What You Do When You Can’t Escape: 2nd Wave Safety Behaviours
Anyone wrestling with GAD, OCD, Social Anxiety, or any anxiety disorder for that matter, quickly identifies a ‘symptom profile’. This profile usually includes a relatively developed understanding of their primary ‘safety behaviours’. These are usually 1 or 2 obvious activities that provide immediate reassurance from building anxiety.
Seeing as the anxiety response finds its most natural outworking in escape, most primary safety behaviours are also escape orientated: I often walk my parents-in-laws dog in some deep woods populated with rabbits. You can see them laying still in the grass until the anxiety of the approaching dog reaches a peak and they shoot off for their burrows at lightning speed. So too with those suffering social anxiety who often wait in a public environment for as long as they can manage before the anxiety become intolerable and they make haste to the exits. OCDers do the same thing but their escape is to their compulsions and the GAD’s to their ruminations.
Escape is the most understandable expression of an anxiety problem. Because these behaviours are so familiar and ‘safe’ they become almost automatic. Of course the sufferer has to work hard to postpone the responses or overcome them if they are to recover, but only in rare cases do they have cause for concern about the behaviour itself.
The question I want to address here is one raised by several Christians who have found themselves surprised by a secondary range of safety behaviours. These are far less familiar and come into play when their primary safety behaviour is unavailable to them.

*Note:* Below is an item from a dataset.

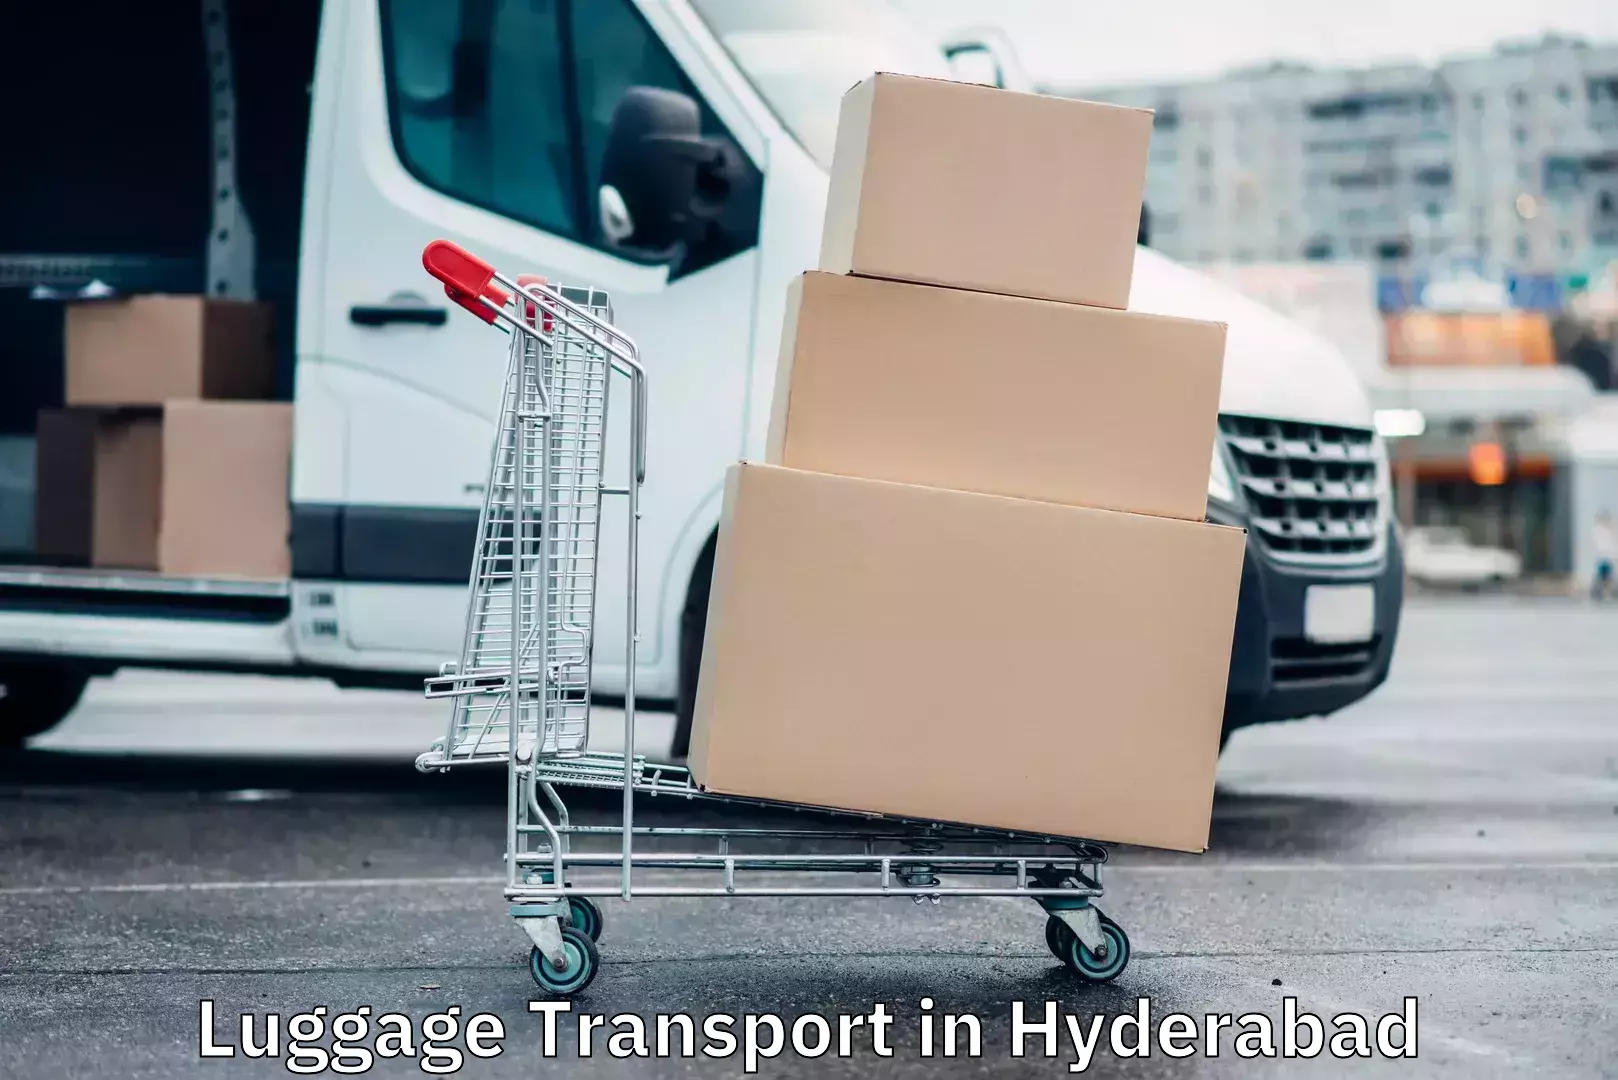 Online luggage shipping in Hyderabad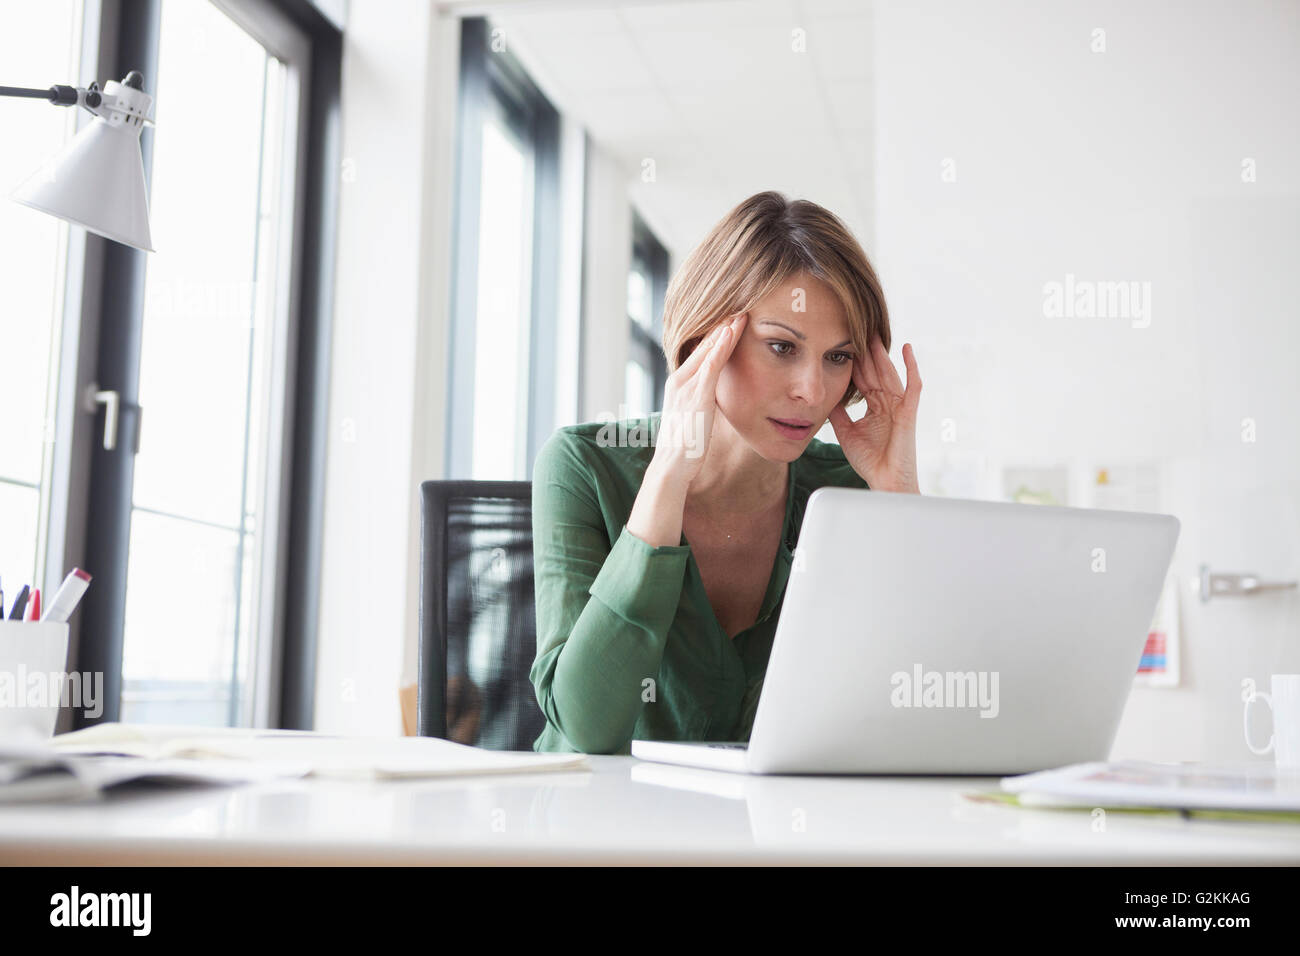 Concentrated businesswoman working on laptop at office desk Stock Photo

In short, what happens when you can’t escape?
Because of the irregularity of their use, many anxiety sufferers find themselves completely bemused, and sometimes completely ashamed of what they do with seemingly little control over events. If you go back to the rabbits in the woods, when all escape routes are closed, they may attack, feign death, or even affection towards the dog.
If we can equate powerful anxiety to the proximity of death (after all this is biological function) we can see the logic in these illogical 2nd wave safety behaviours which so often appear to orientate themselves around comfort: Comfort eating, Comfort sex or pornography, tantrums/emotional manipulation to illicit comfort from others or self-harm/self –injury to illicit sympathy and attention. It is quite a serious list when you look at it and it's clear why so may Christians have expressed their dismay when these things have taken hold.
Of course the apparently tangential nature of these behaviours means that they are not being associated with anxiety, therefore individuals are ill prepared to deal with them when they arise. If we are to defend against these pernicious 2nd wave safety behaviours, which clearly have moral implications then it is essential that the anxiety and not the morality are addressed in the first instance. None of the individuals I have counselled on this issue are of morally questionable yet they all described an overwhelming experience within which they 'found themselves' doing what they knew they must not do. Recovery comes through CBT approaches to dealing with the anxiety and E & RP (Exposure and Response Prevention). More about these tools can be found in the anxiety section of this site.
I am reminded of the value of 1 Peter 5:8, “Be alert and of sober mind. Your enemy the devil prowls around like a roaring lion looking for someone to devour.” Anxiety can be like a form of drunkenness where the urge to escape can overwhelm principles and values. It is at the place of being overwhelmed that spiritual opposition is greatest. If this resonates with you try to talk through your experiences with a trusted Christian friend. If you are able, put safeguards in place that mean if escape is not available to you (and remember escape is not recovery) you do not default into an altogether more dangerous safety behaviour.